Material provided |
------------------------

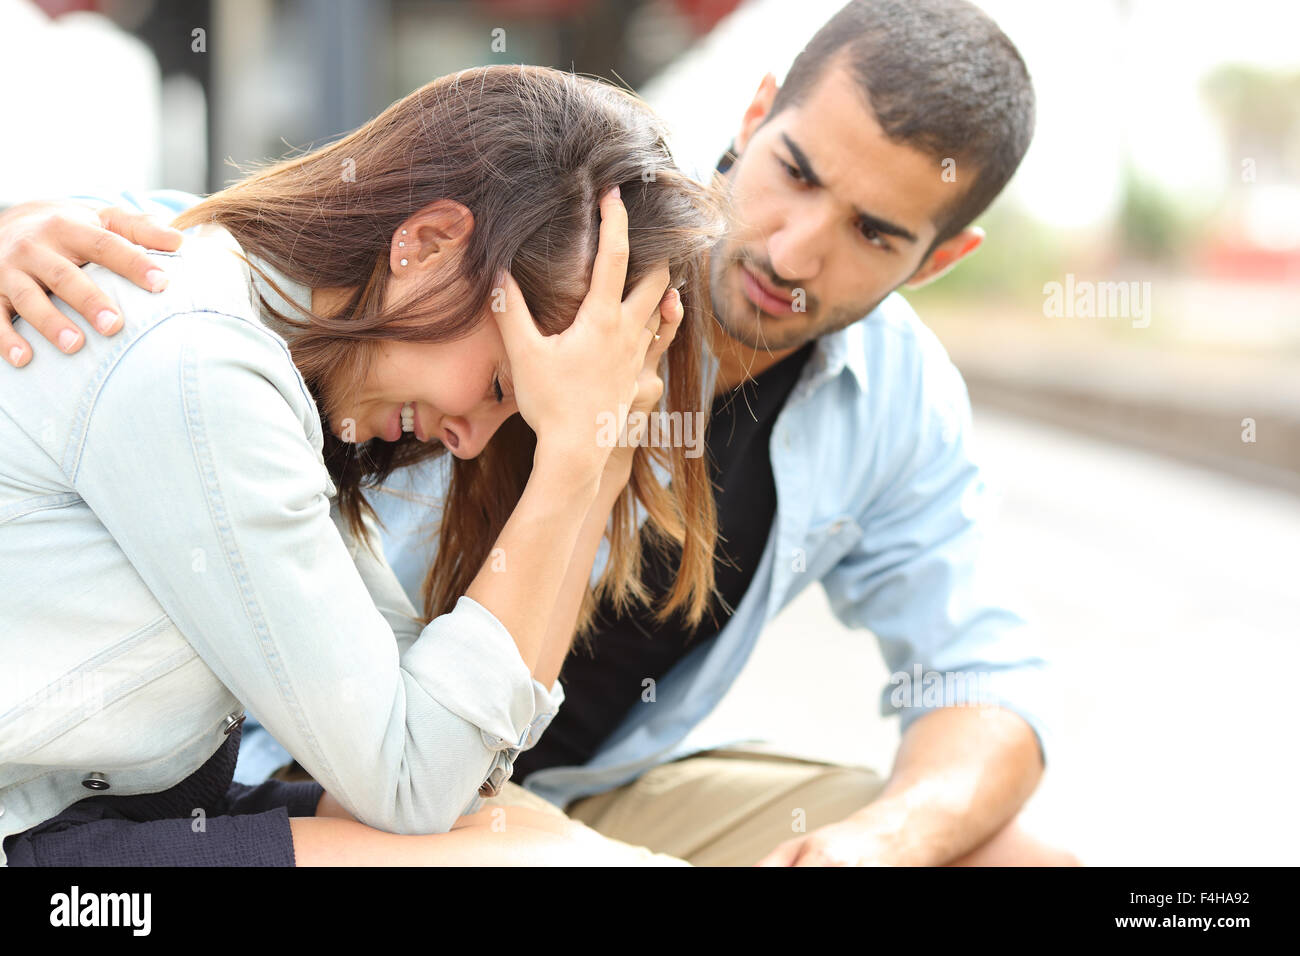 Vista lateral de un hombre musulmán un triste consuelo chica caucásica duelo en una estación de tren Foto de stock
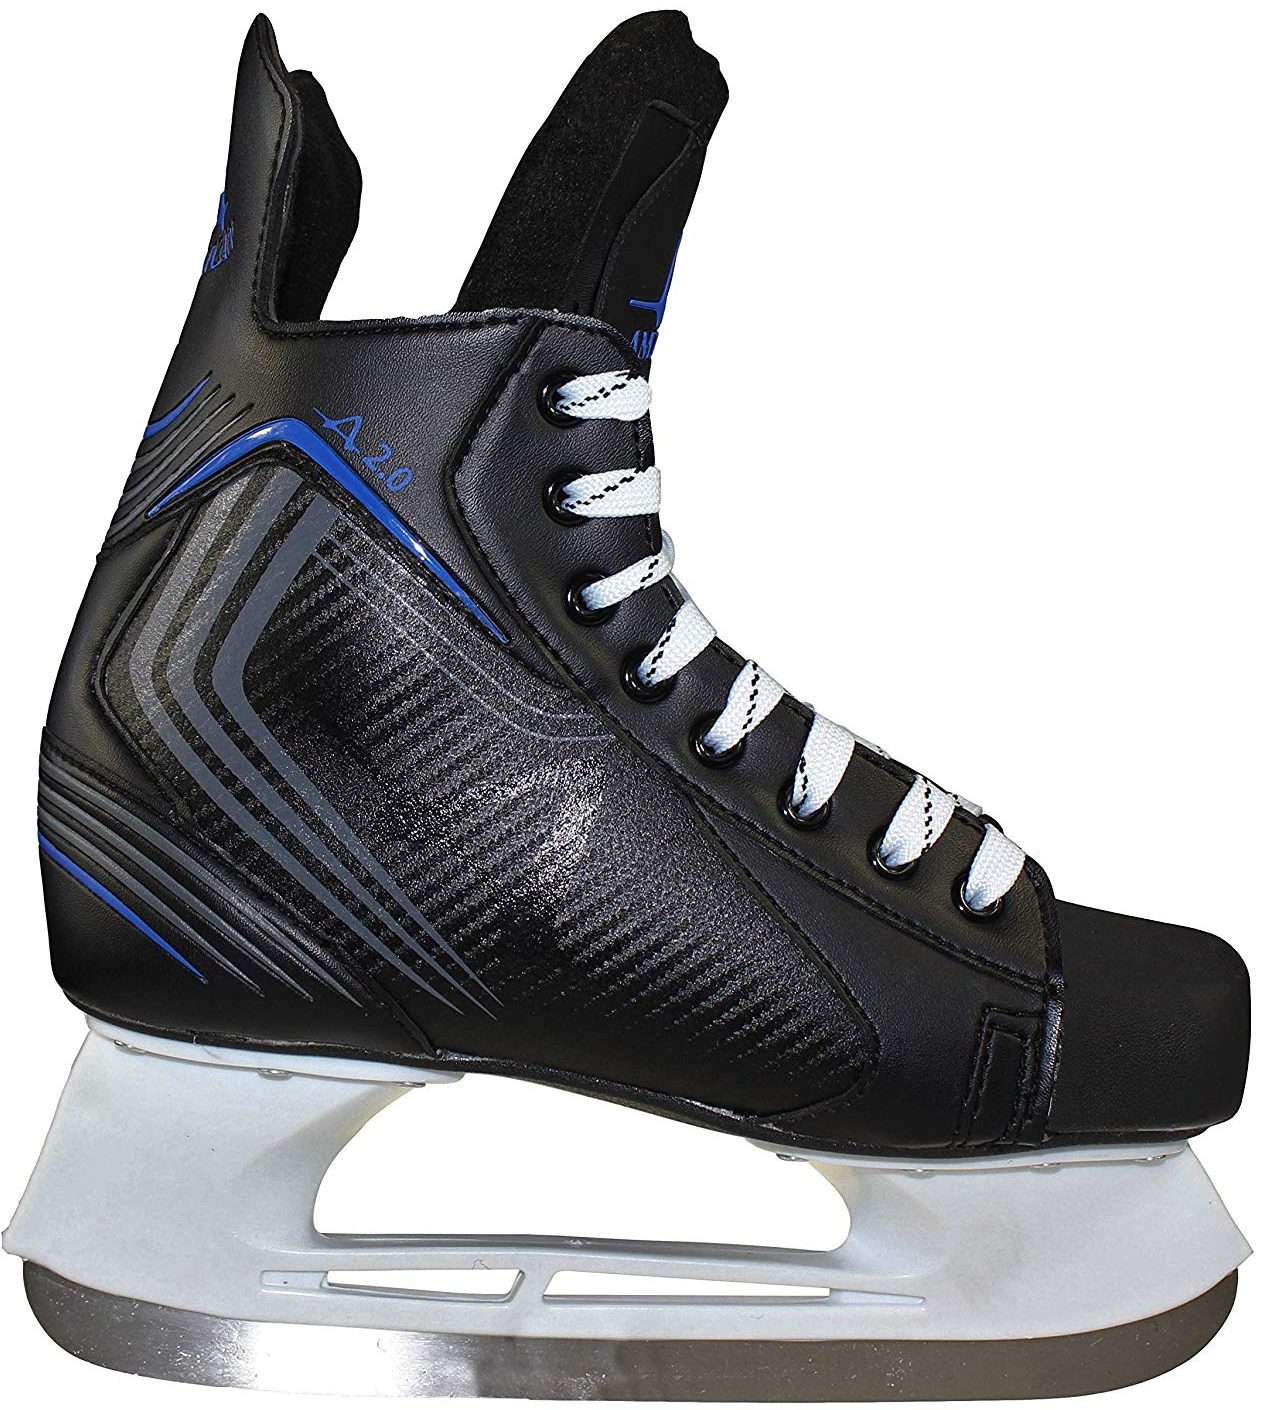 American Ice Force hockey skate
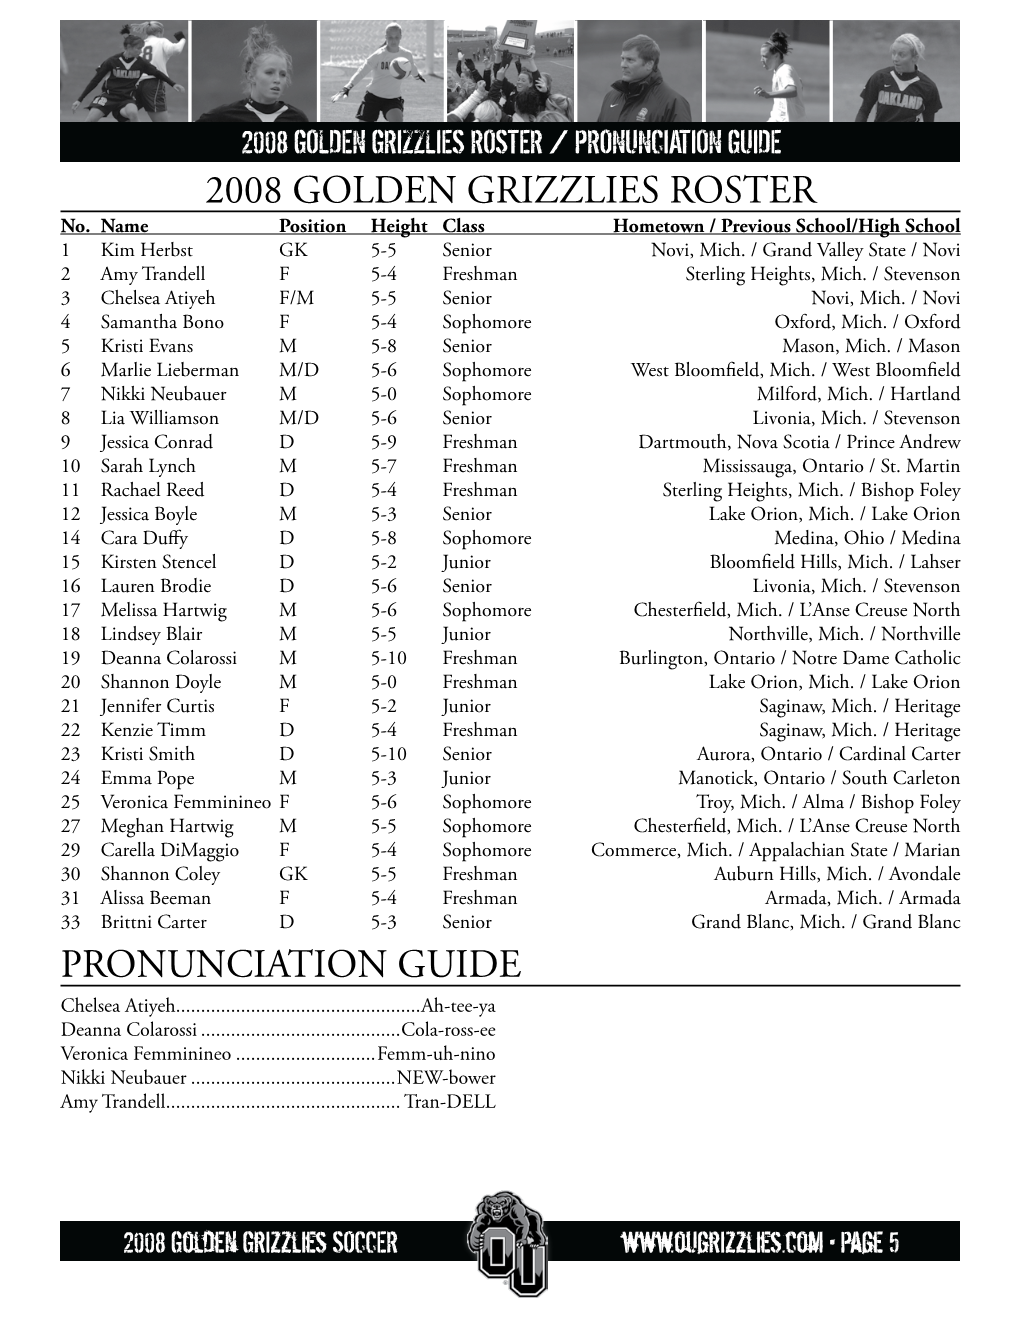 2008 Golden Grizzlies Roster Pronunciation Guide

------------------------

Assignment | In your answer, set down the full listing word for word and include no pictures.

Answer to the problem |
 Vista lateral de un hombre musulmán un triste consuelo chica caucásica duelo en una estación de tren Foto de stock
 American Ice Force hockey skate
 2008 Golden Grizzlies Roster Pronunciation Guide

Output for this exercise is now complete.